Bomag auf der bauma 2016

Fünf neue Modelle bei Kaltfräsen

Der Fahrerstand unterstützt konzentriertes Arbeiten durch besten Bedienkomfort im Sitzen. 

Boppard (ABZ).- Zur bauma in München erweitert Bomag das Maschinenportfolio im Bereich der Kaltfräsen um fünf weitere Modelle (Freigelände FS 1009). Insgesamt präsentiert Bomag damit in diesem Jahr das breiteste Kaltfräsenportfolio seit Einführung der Produktsparte. Eine Überraschung wird es für Messebesucher zum Thema „Transport ohne Sondergenehmigung“ für Fräsen mit bis zu 38 t zu sehen geben.

Mit der Erweiterung der Produktrange bietet Bomag nun in der Kompaktklasse mit Heckladeband vier Kaltfräsen-Modelle mit drei und vier Rädern und 500 mm bzw. 600 mm Maximalarbeitsbreite. In der 1 m-Klasse kommen die Kaltfräsen  BM 1000/35, BM 1200/35 und BM 1300/35 mit Heckrotor sowie drei weitere Modelle mit Mittelrotor für Spezialanwendungen hinzu. Aufgebaut wie eine Großfräse mit zentral montiertem Fräsaggregat, erlaubt diese Bauart einen Bedienerarbeitsplatz mit bester Baustellenübersicht. Der zentral montierte Rotor sorgt für höchste Leistungsfähigkeit und Laufruhe.

Nach oben wird das Modell BM 2000/60 in der 600 PS Klasse durch zwei weitere Modelle in der 750 PS –Klasse erweitert. Die neuen Kaltfräsen BM 2000/75 und BM 2200/75 werden am Hauptstandort des Unternehmens in Boppard gebaut.
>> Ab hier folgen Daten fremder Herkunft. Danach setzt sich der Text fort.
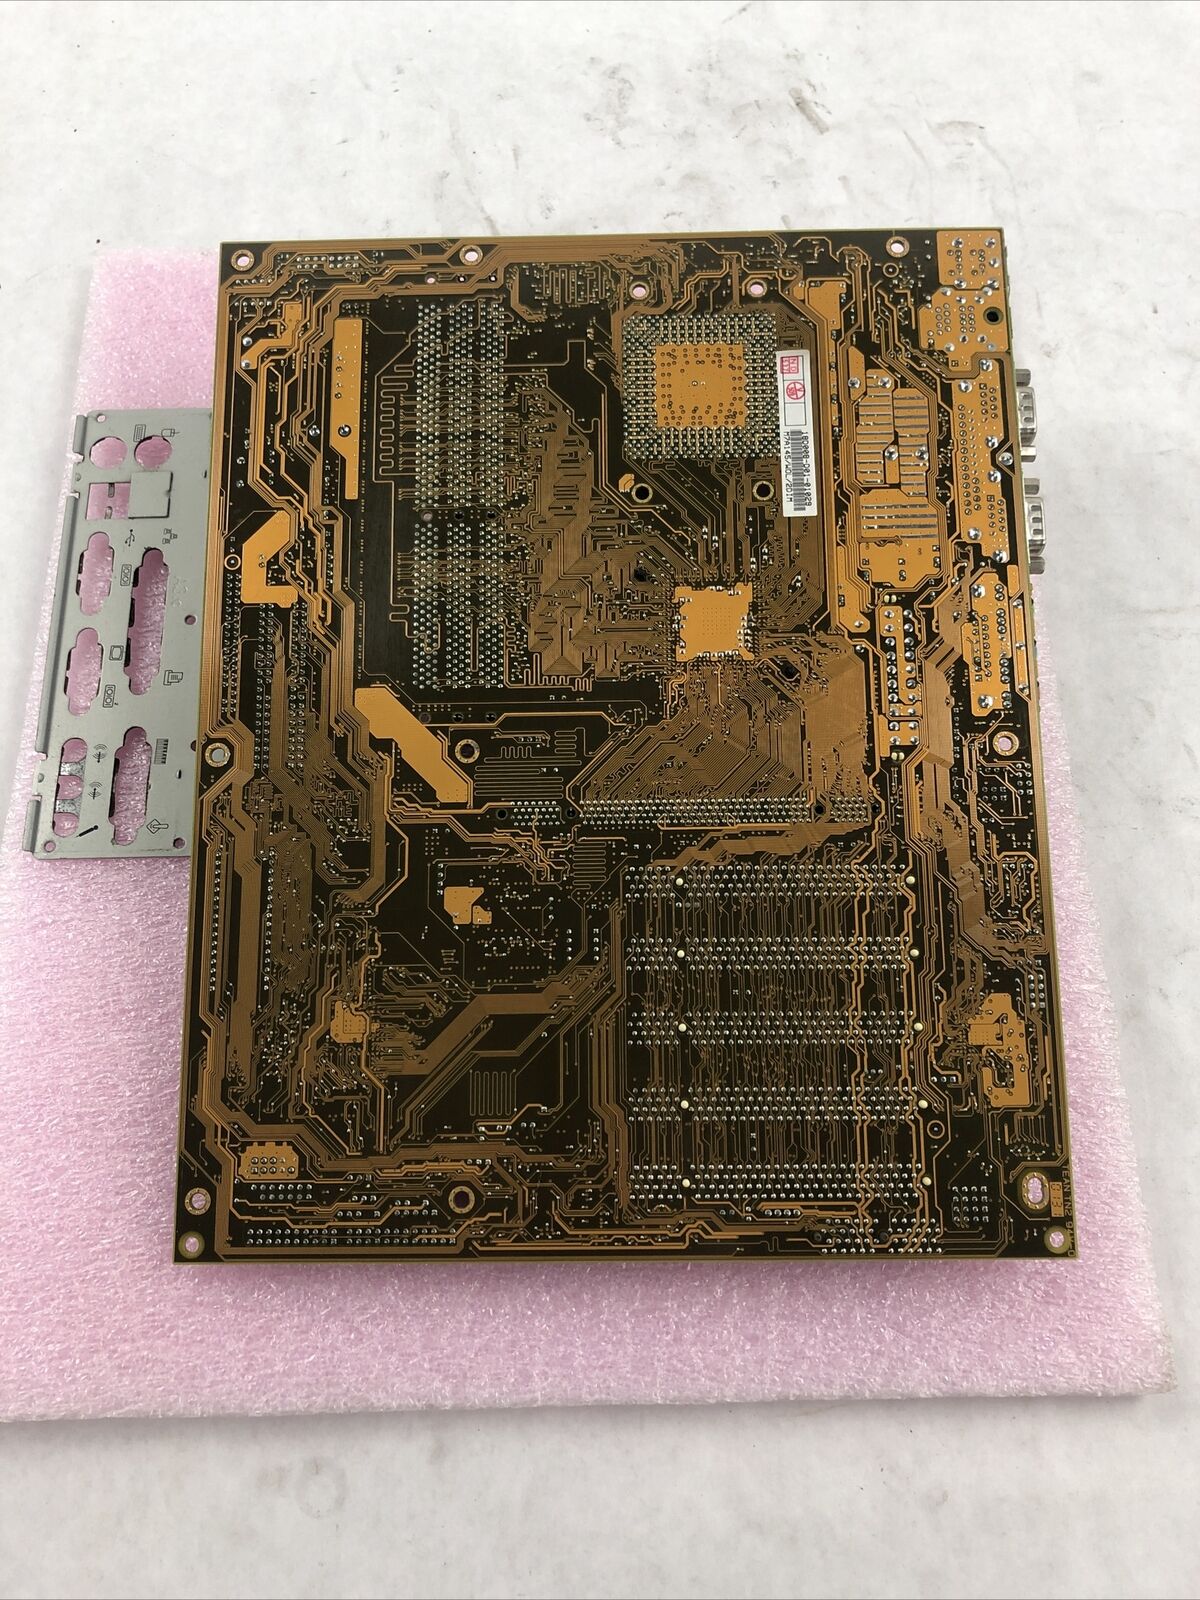 ASUS A7M266 Motherboard AMD Athlon 900MHz 256MB RAM w/ I/O Shield

Sie verfügen über eine Motorleistung von 771 PS (567 kW) bei einer Arbeitsbreite von 2.000 mm bzw. 2.200 mm und einer Frästiefe von 350 mm. Neben der Leistungsfähigkeit punkten die Maschinen vor allem mit einfachem Service und Bedienkomfort. So wird beispielsweise ein kleiner Ein-Zylinder-Diesel zum Hilfsmotor für Nebentätigkeiten wie Wassertanken, Meißelwechsel und Maschinenreinigung.

Satte Leistung bringt die neue Kaltfräse BM 2000/75 auch beim Komplettausbau einer Landstraße.

Eine integrierte Serviceplattform sorgt beim täglichen Maschinen-Check für einfachen und sicheren Zugang und der vibrationsisolierte Sitz-Arbeitsplatz erlaubt konzentriertes und beschwerdefreies Arbeiten auf der Maschine.

Ein besonderes Augenmerk bei allen Fräsen liegt auch bei den neuen Modellen auf der Entwicklung der Frästechnik. Resultat sind die Standzeiten der Fräswalzen und Halter: mit der eingesetzten Technologie können diese um bis zu 30 % gegenüber anderen Systemen verlängert werden. Hinzu kommt, dass bei Fräsen mit Wechselhaltersystem die Wechselhalter wartungsfrei sind und durch eine besonders schlanke Bauform weniger Schnittwiderstand während des Asphaltfräsens bieten.